Verizon strikers are fighting for all of us

NYSNA nurses stand with the nearly 40,000 women and men on strike since April 13 to save middle class jobs. The strikers are employees of Verizon and members of the Communications Workers of America and the International Brotherhood of Electrical Workers. At the time of publication, the strike had passed its 30-day mark. On May 1, Verizon executives took the unconscionable move of cutting off healthcare benefits for the striking workers and their children.

This is the biggest North American work stoppage since 2011, the last time Verizon employees were forced to strike because their greedy employer wanted to take away the gains that unionized workers had made.

Verizon executives want to move unionized call center jobs offshore to places like Mexico and the Philippines, where they can pay workers as little as $1.78 per hour. They have already offshored 5,000 call center jobs – and if they get their way, they’ll destroy even more jobs here in the U.S. All this at a time when the company is raking in $1.5 billion in profits every month.

Corporate attack on the middle class

Recent Pew research shows that the middle class is shrinking. The middle class is no longer the economic majority in the U.S.A. – more people have been pushed into poverty and the middle class that remains has fallen farther behind upper-income households, which now hold a larger share of the nation’s income than ever before.

If Verizon is allowed to move more good middle class jobs offshore, and force cut backs on the workers here, there would be even fewer opportunities available for U.S. workers to earn a decent living with job security and healthcare benefits. Increasingly, the squeeze on the middle class is forcing workers into low-wage jobs in industries like fast food.

Shrinking unions, shrinking middle class

Verizon’s attempt to destroy its unionized workforce is one more case of the corporate attack on labor unions that is killing the middle class. The labor movement built the middle class that exists in America today by fighting for decent working conditions, with good benefits, job security, and livable wages.

As the labor movement in this country declined in the face of corporate attacks, so, too, in tandem did the middle class. According to FiveThirtyEight, in the regions where unions have been weakened the most, the middle class is shrinking the fastest. Meanwhile, unions continue to face attacks from all sides with the nefarious so-called “right to work” campaigns funded by the rightwing billionaire Koch brothers and corporate interests aimed to curb our rights to form unions that protect middle class jobs. Without the labor protections that unions provide, corporations have more power to extract profits for the 1 percent by cutting back on wages and benefits and by moving good jobs to places where CEOs can pay poverty wages.

Verizon’s greed doesn’t stop at cutting benefits and job security for its workers. The company has also failed to invest in America’s future. In The New York Times, Paul Krugman called Verizon the “modern-day robber barons” for refusing to roll out FiOS services and refusing to invest in its own business.

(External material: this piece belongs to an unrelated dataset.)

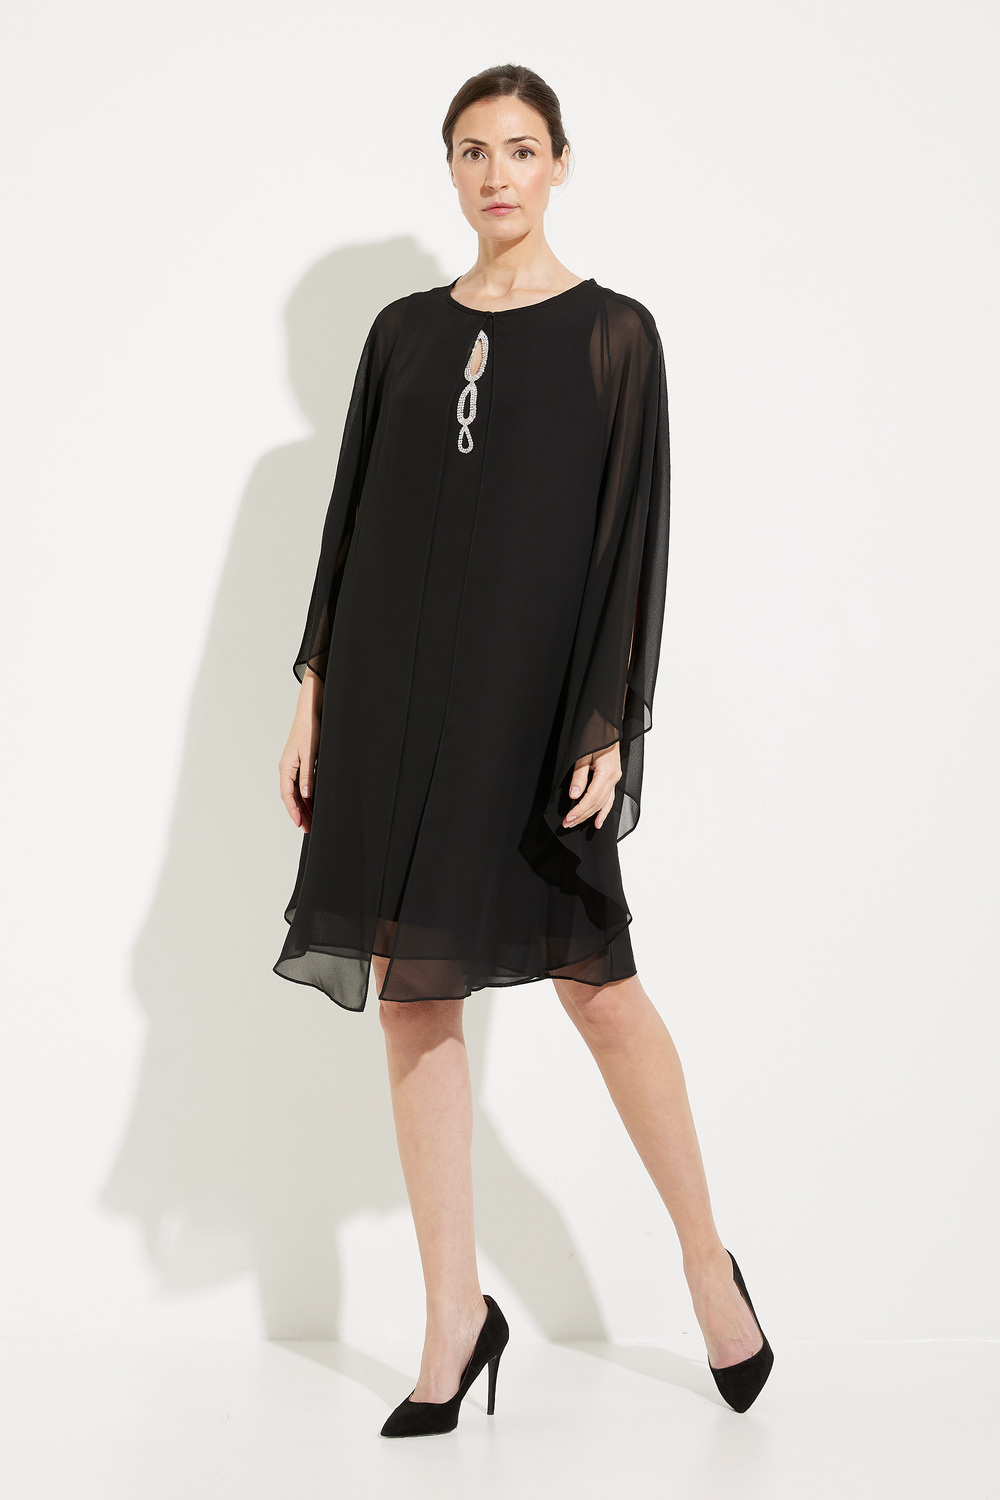 Beaded Capelet Dress Style SL112806. Black

Verizon is under investigation in several states, including New York, Pennsylvania, and New Jersey, for failing to meet its FiOS rollout agreements. In New York City, Verizon committed to bring high-speed broadband to every neighborhood, but low-income communities of color like East Flatbush still lack access to FiOS. Instead of providing services to our communities, Verizon has funneled money into executive compensation, paying its CEO Lowell McAdam $18 million dollars last year alone. Recent studies have shown that most low-income people across the nation still don’t have access to broadband services.

Meanwhile, Verizon has slashed its workforce by nearly 40 percent in the past 10 years, leaving fewer workers to do the job of installing much-needed FiOS.

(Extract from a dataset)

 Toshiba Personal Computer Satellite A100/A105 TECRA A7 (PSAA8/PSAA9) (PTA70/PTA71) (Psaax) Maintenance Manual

The workers on strike at Verizon aren’t just fighting for their jobs, they’re also fighting to hold the company accountable for its broken promises to the American public.

We can only win by uniting together

NYSNA nurses know firsthand that we can win campaigns when we unite together with our fellow unions. We know it from the Fight for $15 and Paid Family Leave bills we achieved this year. Unions stood together with the community and we were unstoppable. And we’ve seen the power we have when we unite with our fellow unionized nurses from PEF, CWA, and NYSUT in our fight to win safe staffing. It truly takes solidarity to achieve breakthrough legislation.

Likewise, it will take a united labor movement to fight back against corporate attacks on workers like the one that Verizon is waging right now. We need to stand together with the women and men on strike – the future of the middle class in America depends on it.

Please do not cross the Verizon picket lines, whether at the wireless retail stores in your town or online. We are asking NYSNA nurses to encourage everyone in your community not to buy any Verizon products or sign up for any new Verizon services for the duration of the strike.

And go show our solidarity on the picket line. You can visit StandUpToVerizon.com to find a picket line near you.

Nurses in Albany for the May 10 Multi-Union Lobby Day cheered on Verizon strikers outside the Capitol.